The second decree abolishing slavery in France was signed on April 27, 1848, by the Provisional Government of the Second Republic.

The decree was issued 46 years after the reinstatement of slavery under Napoleon. Promoted by Victor Schœlcher, it definitively abolished slavery in French territories, freeing 251,019 people, and provided compensation to former slave owners for the financial losses resulting from emancipation.

== First abolitions of slavery ==

=== In metropolitan France ===
In France, slavery was abolished in the continental kingdom by Louis X through the edict of 3 July 1315, which declared that all individuals are born free and that servants within the kingdom were to be freed. Under this edict, any enslaved person entering the kingdom was granted freedom.

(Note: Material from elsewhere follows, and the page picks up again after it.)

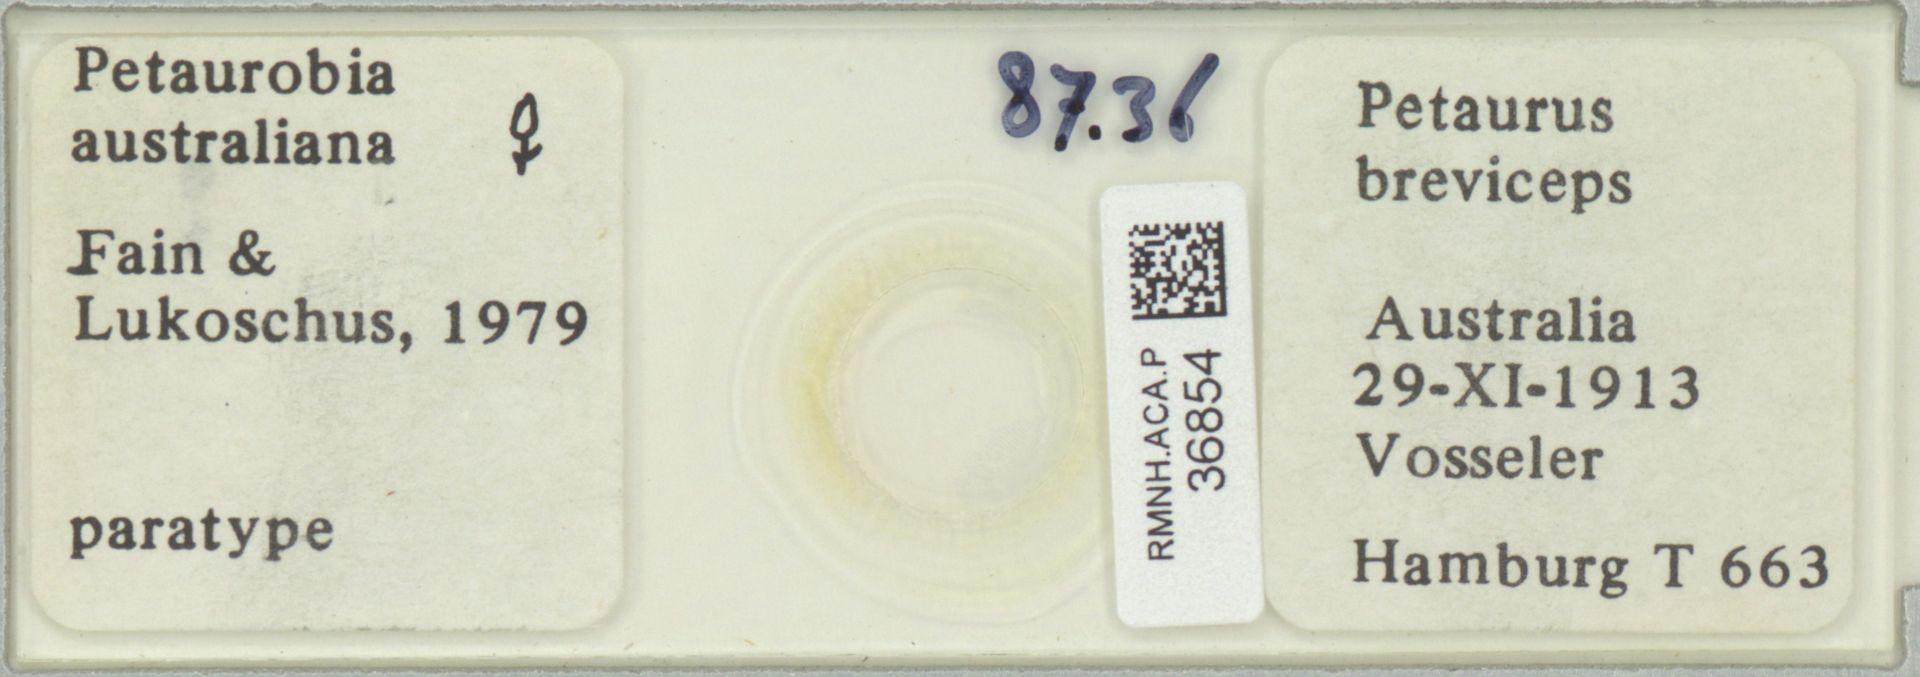 RMNH.ACA.P.36854 | Petaurobia australiana Fain & Lukoschus, 1979

In 1642, King Louis XIII authorized the trade of enslaved Africans, limited to the French Antilles and not applicable to metropolitan France. In 1671, Louis XIV explicitly permitted the triangular trade, allowing the ports of Bordeaux, Nantes, and La Rochelle to participate in the transatlantic slave trade to the colonies. This regulation did not affect the prohibition of slavery in metropolitan France.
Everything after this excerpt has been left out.